Day 1: Stream 1 PIT Course
I am excited today. To the glory of God, I got an opportunity to do what I have always longed for. Being a facilitator in the Preliminary Inspector of Tax Course of the Federal Inland Revenue Service is a task I have desired to perform over the years in my 14 years in the tax administration. Today, I taught Stream 1 of the Preliminary Inspector of Tax Course, Year 2024 of the Federal Inland Revenue Service. It’s a class of 136 participants, ranging from officers to assistant directors from the establishment. Teaching the course “Examination of Tax Returns” is so dear to me as it is a discourse that is at the heart of tax administration.
Today, being Day 1, I had to lay a foundation that would prepare our officers for their core responsibility of assessing, collecting, enforcing, and accounting for taxes collected accordingly. ?A self-assessment regime, a system of tax administration, encourages a taxpayer to voluntarily assess himself and file his tax returns. The tax returns form the basis for a tax officer to carry out his responsibility. Emphasis was made on the importance of the examination of tax returns as a compliance check measure, what examination of tax returns entails, what tax returns mean, the contents of tax returns and financial statements, and the qualities of a good tax officer.

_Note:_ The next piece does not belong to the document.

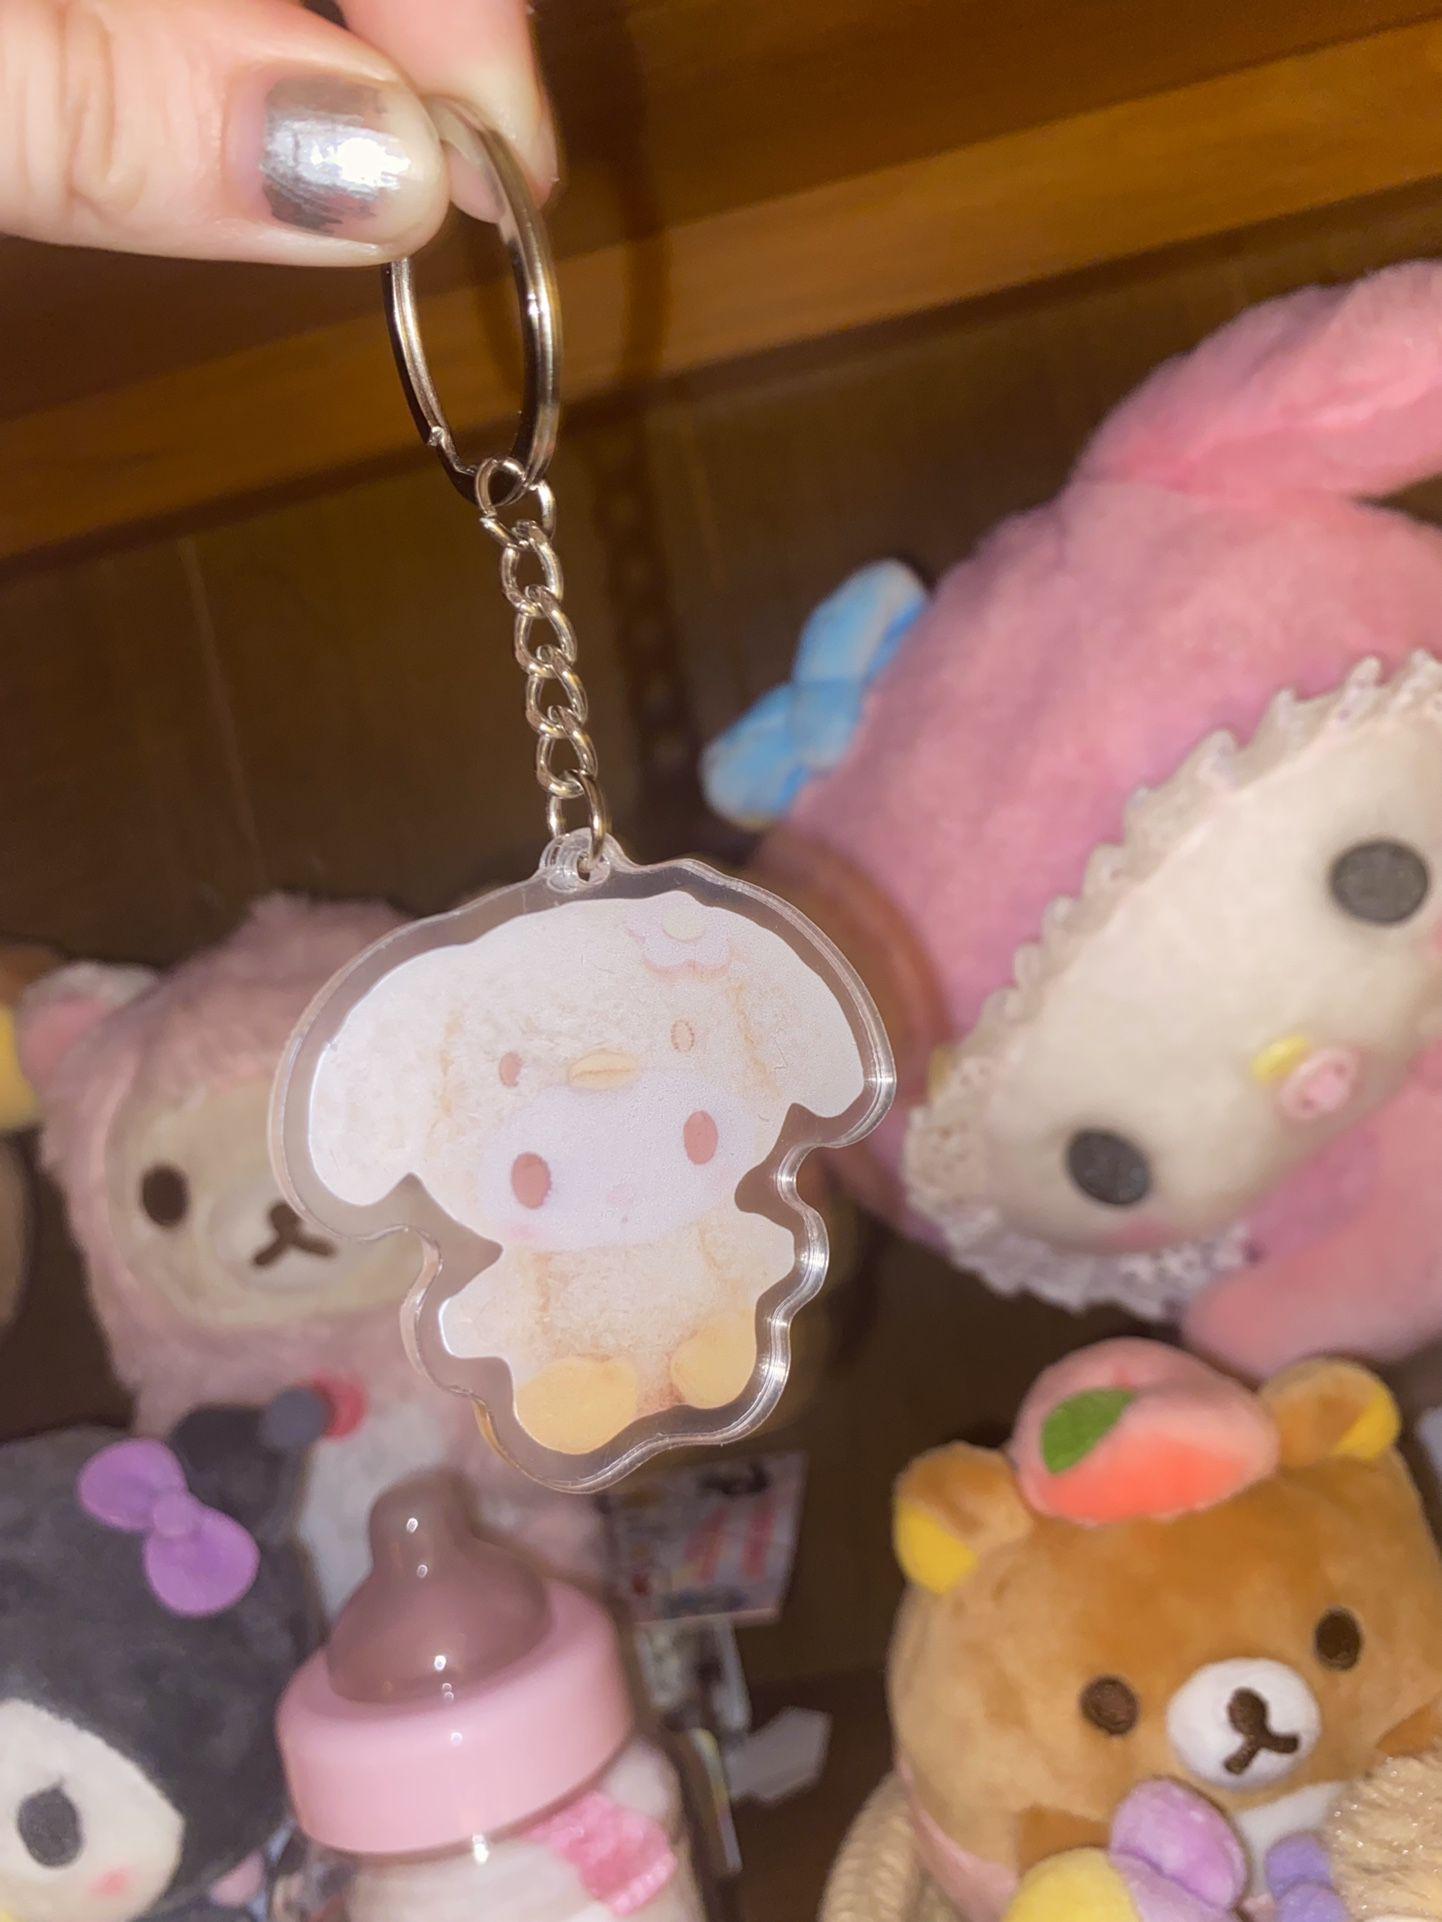 Sanrio My Melody Keychain!

In addition, the usefulness of ratio analysis in assessing and interpreting financial statements, especially at the preliminary stage of examination of tax returns, was explored. Tax audit and tax investigation were discussed, while tax evasion and tax avoidance schemes were explored. Finally, a practical question was treated to explain what is expected of a tax officer when given a task to examine a company that enjoys pioneer status incentives on one of its products but also earns other income taxable during a period under review. The steps for examining capital allowances of a company and the?treatment of capital allowances where a company’s assets are deployed in generating both non-taxable and taxable income were explored. The provisions of the Companies Income Tax Act, 2004 (as amended) and the specific treatment given where a company enjoys the pioneer status incentives were discussed. The discussion was also extended to how the revised income tax of a company can be computed considering the normal basis, minimum tax basis, and excess dividend tax basis. Lastly, the conditions for exemption of a company from excess dividend tax were explored.